A free, uncensored and unhindered press or other media is essential in any society for the ensuring of freedom of opinion and expression and the enjoyment of other Covenant rights. It constitutes one of the cornerstones of a democratic society. The Covenant embraces a right to receive information on the part of the media as a basis on which they can carry out their function. The free communication of information and ideas about public and political issues between citizens, candidates and elected representatives is essential. This implies a free press and other media able to comment on public issues without censorship or restraint and to inform public opinion. Pursuant to article 19, the public also has the right to receive information as a corollary to the specific function of any journalist to impart information.

Just last week, the U.S. government reaffirmed its commitment to these principles at the OSCE media freedom seminar in Warsaw.

“Underlying our OSCE commitments on media freedom are Article 19 of the UN Universal Declaration on Human Rights and our obligations under Article 19 of the International Covenant on Civil and Political Rights as enshrined in the Helsinki Final Act to respect the fundamental freedom of expression,” said the State Department’s Sabeena Rajpal, representing the U.S. delegation at the seminar. “This fundamental freedom is the birthright of every human being; it is inherent in the individual and not for governments to dole out or deny as they see fit.”

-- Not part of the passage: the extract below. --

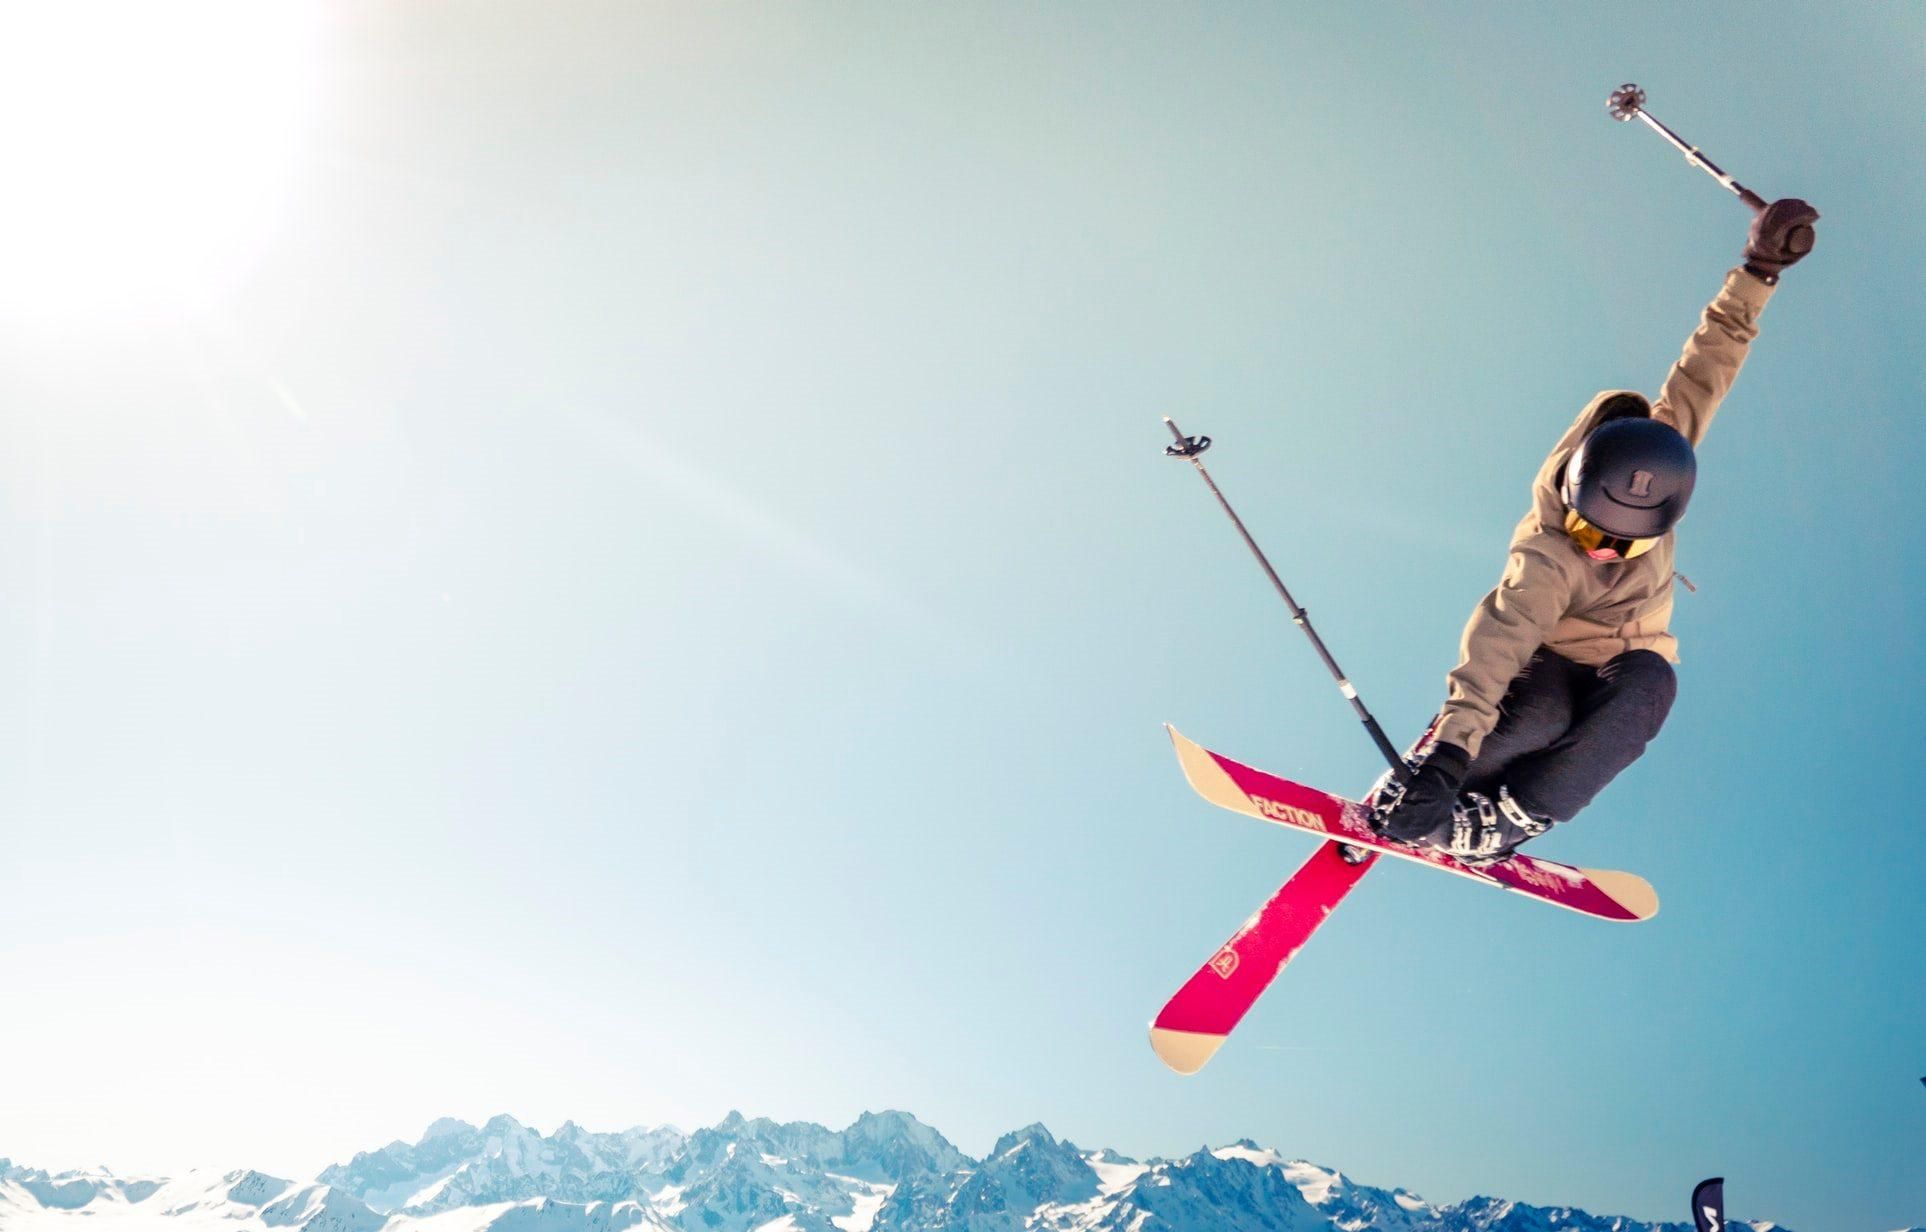 Как сделать великолепные фото во время катания на лыжах или борде: 6 действенных советов - Отпуск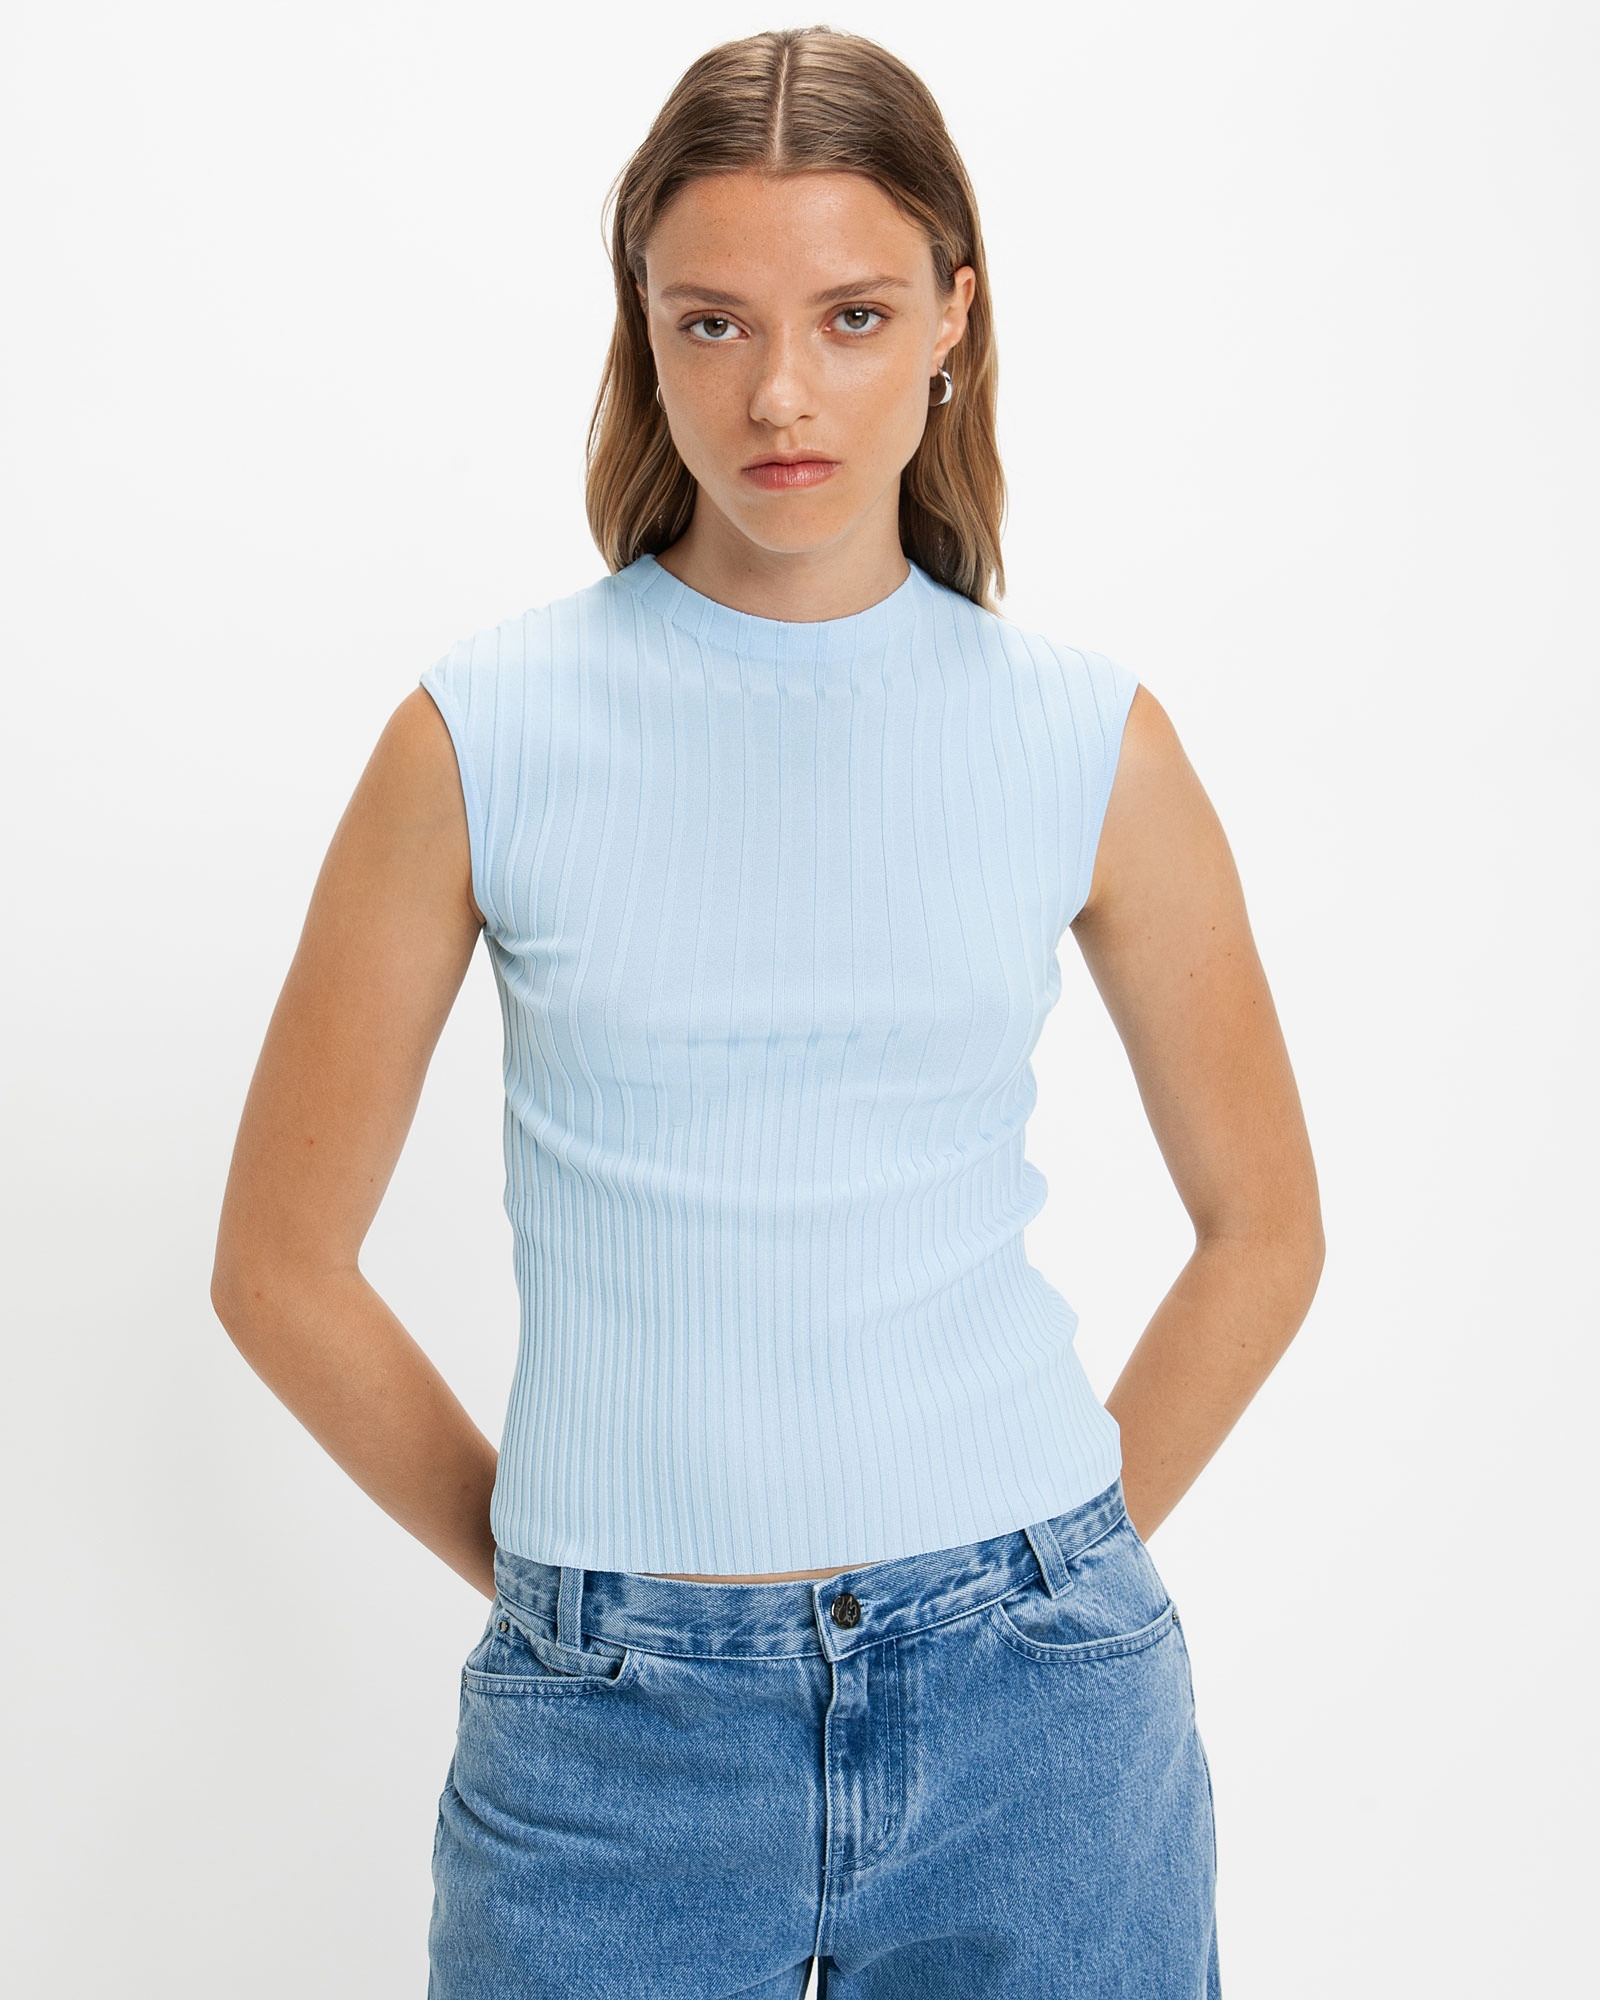 Multi Rib Knit Tank  Buy Knitwear Online - Cue

“Our OSCE commitments require participating States to ensure that their laws will conform to their international legal obligations,” she added.

If the United States is serious about these commitments, it would do well to halt its attacks on press freedom. If the attacks continue, the U.S. finds itself in increasing danger of becoming a full-blown “totalitarian security surveillance state,” in the words of former New York Times reporter Chris Hedges.